A silly signature rule stymies Montgomery petitioners

Monday, September 6, 2010

TENS OF THOUSANDS of Montgomery County voters signed petitions recently to put two measures up for a vote: one to overturn new fees for ambulance service and another to impose term limits for county officeholders. But neither question is likely to appear on ballots come November because of a ridiculous state rule.

The rule states that "to sign a petition an individual shall sign the individual's name as it appears on the statewide voter registration list or the individual's surname of registration and at least one full given name and the initials of any other names."

For years, this confusing jumble of words was interpreted by the Maryland State Board of Elections loosely but straightforwardly: Print your name and sign. That changed in 2008, when the Court of Appeals of Maryland concluded that unless petition signers followed the exact letter of the law -- and they meant the exact letter -- their efforts would be voided.

As The Post's Michael Laris reported, this explains why Richard M. Lindstrom's signature was rejected. Mr. Lindstrom, a Gaithersburg analytical chemist, dropped his middle initial from his signature some four decades ago. So when he printed his full name but signed without the "M.," the Montgomery County Board of Elections ruled him out of bounds. The board rejected thousands of petitions for similar reasons, leaving proponents of the ballot measures short of the required signatures.

Backers of the measures have challenged the county election board's conclusions in court, but it is tough to see how they will prevail. The election board was following the mandate of the appeals court, which, in turn, was simply, although strictly, interpreting the law as written.

Perhaps a judge will see it differently. But what is needed is a permanent fix that returns some semblance of common sense and fairness to the petition process.
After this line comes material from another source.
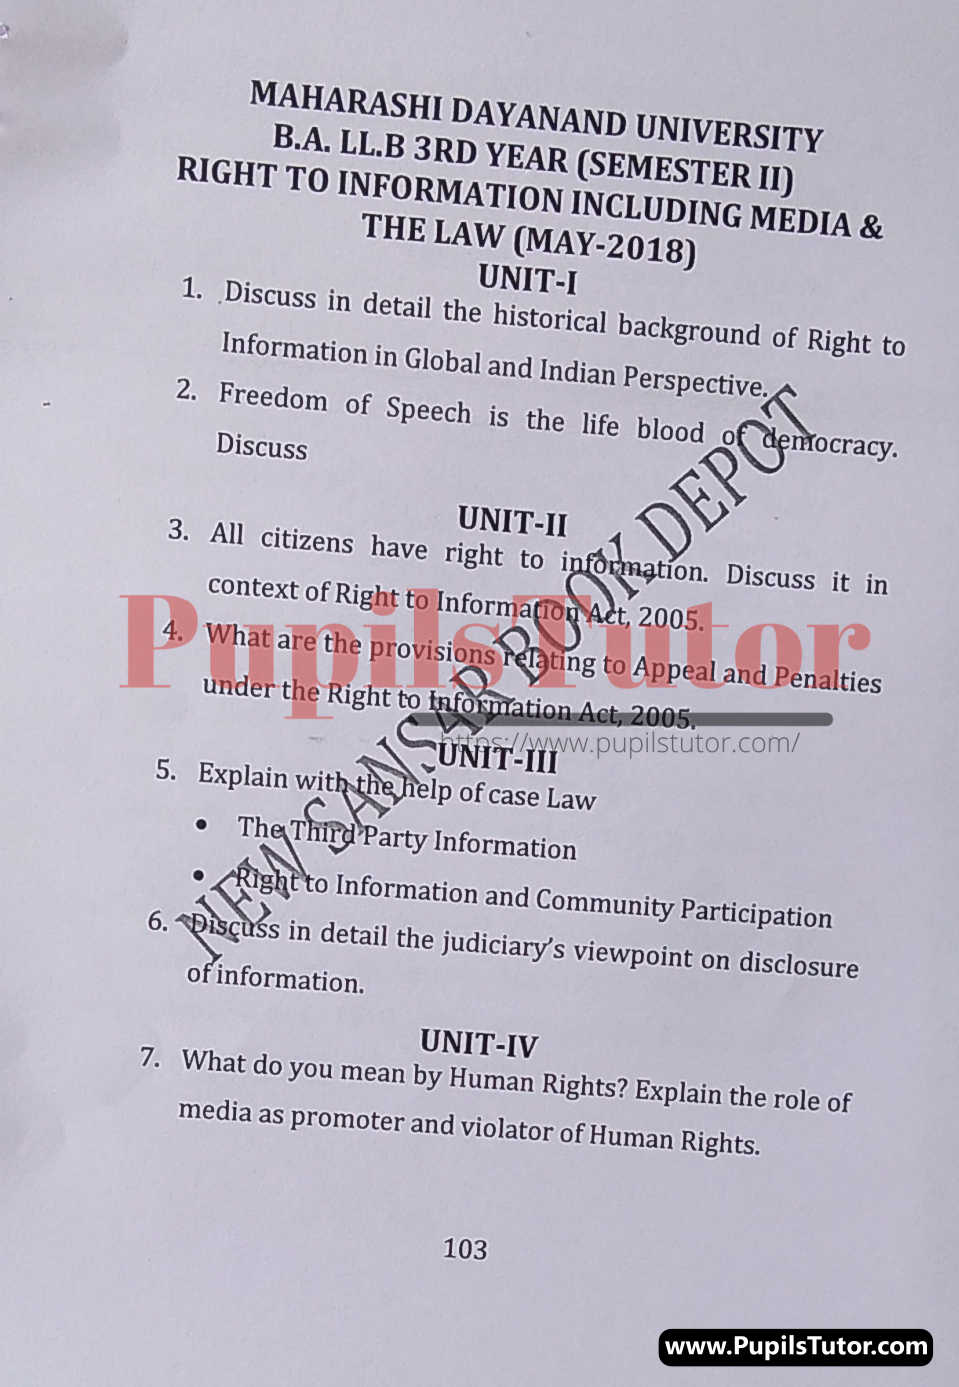 MDU (Maharshi Dayanand University, Rohtak Haryana) LLB Regular Exam (Hons.) Second Semester Previous Year Right To Information Including Media And The Law Question Paper For May, 2018 Exam (Question Paper Page 1) - pupilstutor.com

There is no evidence to suggest that fraud was running amok when the elections board was permitted to use the less rigid standard. Legislators should step in at the earliest opportunity, eliminate the mumbo jumbo about middle initials and rewrite the law to return to the pre-2008 standard of "print and sign."

We support the ambulance fee, which was imposed by the County Council, and would hate to see this modest but justifiable revenue stream taken away. But if Maryland law contemplates allowing the people of Montgomery County to have a say on such matters, it is wrong to stymie them on such a ridiculous basis.